The Black Tower or Murder of a Lady

Murder of a Lady

The past few months I have found it most difficult to settle down with reading. I would choose a title, then put it back and pull another from the shelf, only to have it lay listlessly on my night table inducing guilt. Through sheer luck I passed by my neighbor who was loading the boot of her car with boxes of books for recycling. Knowing no graciousness when it comes to the written word, I bluntly asked if I could look. She, on the other hand, graciously stepped aside. Without any sensitivity to my patron’s sensibilities in reading, I assessed the goods, and grabbed two, concluding with, “These are the only ones of interest to me.” Clutching my almost-stolen goods, I blithely waved  a “thank you” (please note!) to scurrying home, leaving her there, I am sure, with the impressions that I am not only rude, but a poor reader.

To my delight, the Adam Dalgliesh mystery title, The Black Tower, did help me settle in with reading. Of course, I simply cannot read one book at a time, so I scuttled down the street (unfortunately my bookish neighbor was nowhere to be seen) to our local library for another mystery. The cover of a quality paperback caught my eye. Having never heard of the author, but loving the setting in the Scottish highlands, I hurried home to begin the second adventure. Murder of a Lady by Anthony Wynne (pseudonym of Robert McNair-Wilson (1882-1963) held promise with the opening plot, and quickly disintegrated into a dreadfully dull read. This is only one of his 27 newly republished works, but I am not yet brave or bored enough to tackle another.
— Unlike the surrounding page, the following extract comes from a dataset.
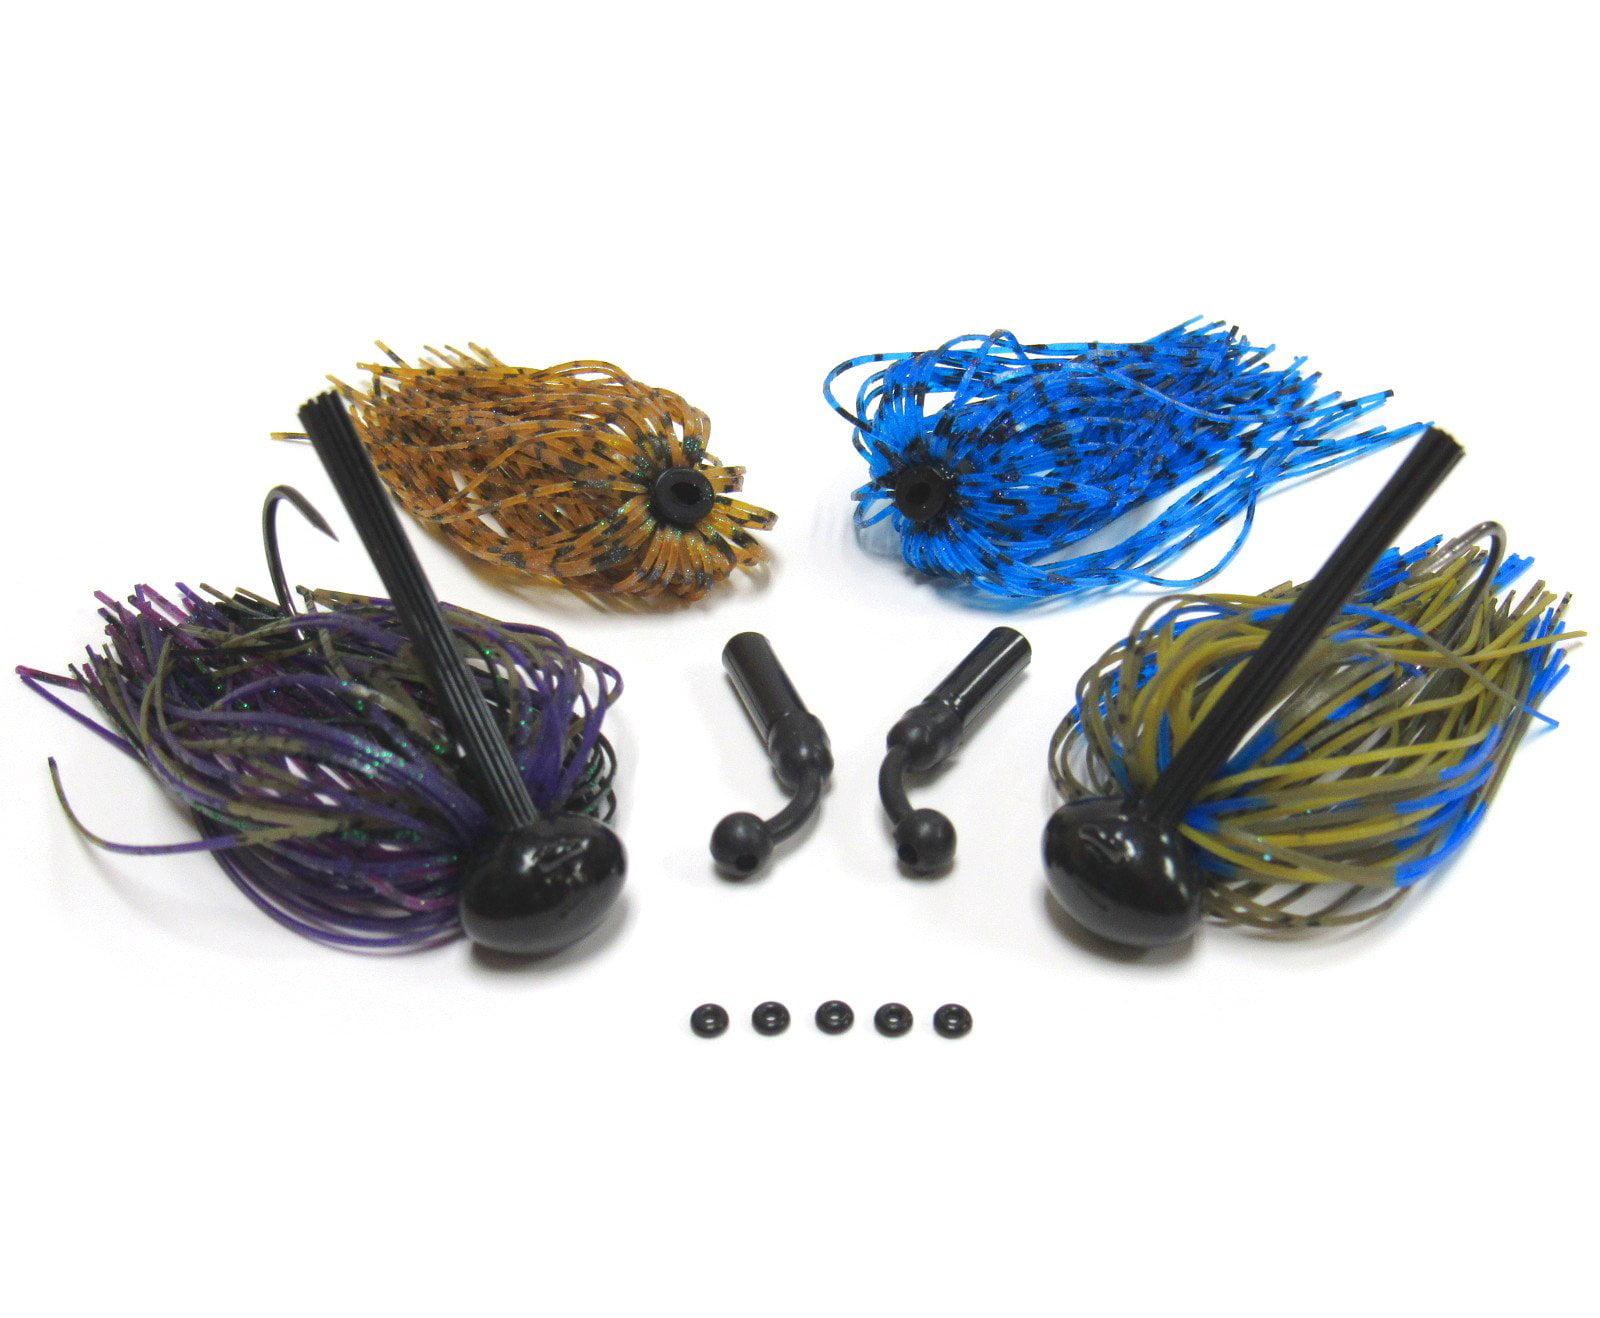 1//2 oz 3 Custom Bass Football Jigs Black Blue

These two writing styles are polar opposites. Where James gives the reader visceral imageries of settings and weaves in the complexity of her characters with their flaws and brilliance, Wynne characters are flat, and smack of caricatures of  “the doctor,” the Scottish lord,” and the “the bumbling inspector.” James’s vocabulary is stellar along with her ability to layer tension on multiple levels; Wynne’s style  is mundane and predictable of the most elementary of aspiring writers, with a feel of the abruptness apparent in many Agatha Christie books.

Lesson learned: Do not judge a book by its cover. (Although I may need bibliotherapy to deal with this habit!)